The answer is gays and lesbians and the entire LGBT community in the United States. Historically, this demographic has received almost no recognition at all, let alone equal rights. As we have moved towards a more and more advanced society however, they have been thrown into the spotlight. Advancements in science and medicine have helped shed light on this controversial group, and sparked socio and political revolutions. While gay marriage has still not been touched on by the federal government, frequently more and more states are beginning to allow this act. With 14 states having now legalized gay marriage, the conversation surrounding this demographic is in full swing. Both sides have their set opinions, as in any argument, but in the past four years alone, there has been almost a 15% increase nationally in support of gay marriage, with over half the country now saying that gays should be allowed to be married under federal law. My class survey went right along with this trend, as 26 of the 40 people checked yes, while 5 checked maybe in regards to gays being allowed to marry.

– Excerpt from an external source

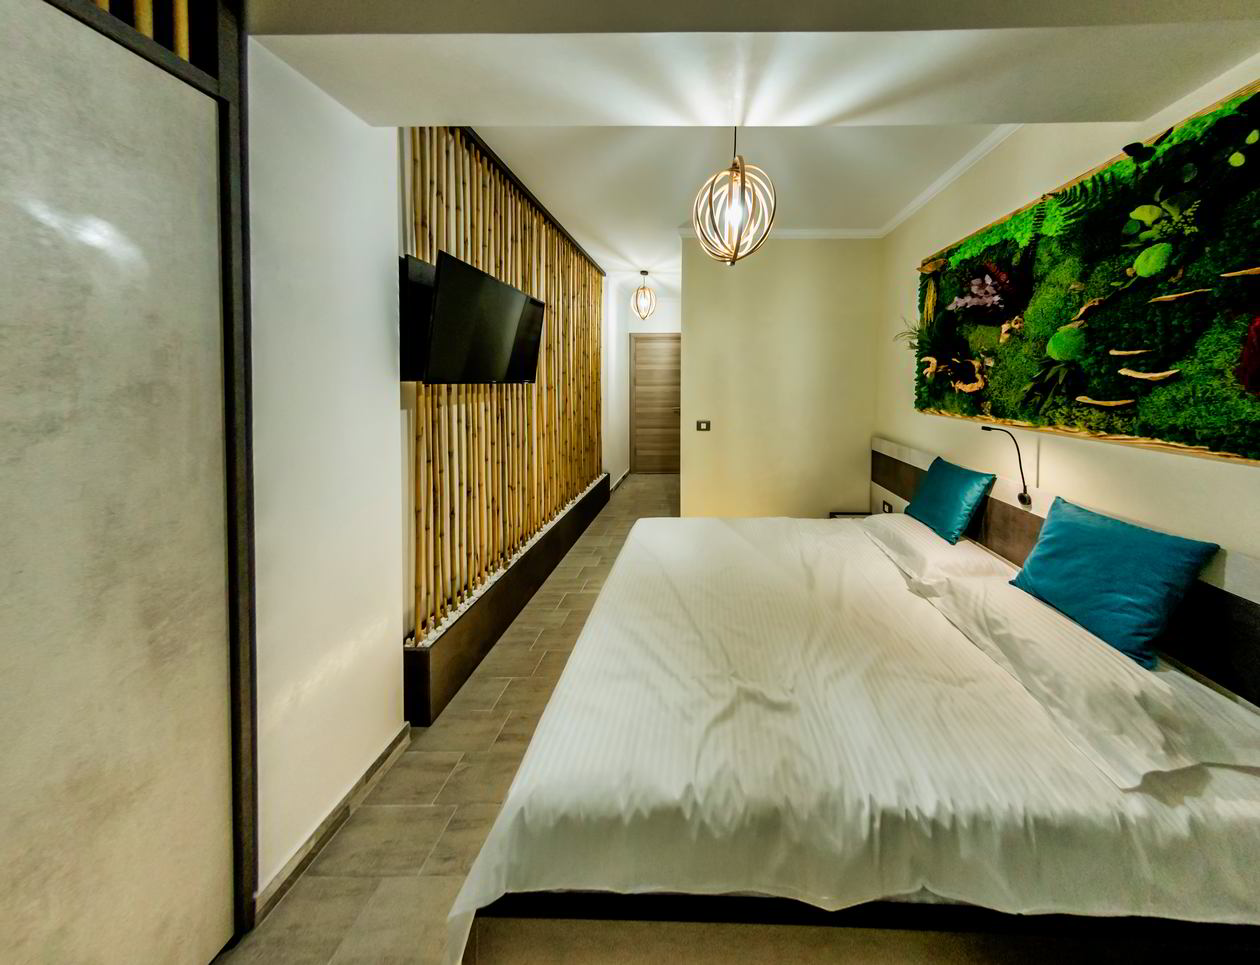 Apartament cu 3 camere, Primul, 65m² utili, pentru inchiriat in regim hotelier in Navodari, Alezzi Infinity Resort & SPA, Mobilat integral, 08 Decembrie 2020 COD.12282

Legalizing gay marriage federally is the next step towards abolishing intolerance in America. While it may take time as a country to accept this new idea, we have done it time and time before. We are growing as a country faster than ever in terms of acceptance. If this trend continues, it is possible we may one day see a hate free America.
When the Pilgrims came to America on the Mayflower those many years ago, they were simply attempting to escape a life full of oppression. As they settled, and the United States slowly grew into a country, this idea, that of freedom, was the basic building block for what the founding fathers based our Constitution on. In the Declaration of Independence, Thomas Jefferson himself wrote that "All Men Are Created Equal." Yet, for the hundreds of years that followed to birth of the country, racism, prejudice, ignorance, and intolerance were clearly abundant. Starting with slavery, racial inequality has been here since day one. After a hundred years or so, slavery was finally abolished, but the hateful mindsets that were around in the Civil War time were still present. Even after years of violence and heartache, federal action could only slowly start the reversal process. After the Civil Rights movements, intolerance of foreigners, and even of our own government took over. Today, issues such as gay marriage and immigration attract the most hate. Intolerance has never left, but merely changed shapes and disguised itself throughout the years.
Intolerance has always existed in the United States. To become a better country, and to leave behind many of the problems we are facing today, America needs to learn to be more accepting. As a society, the hate and prejudice that is seemingly an everyday occurrence has to be gone away with.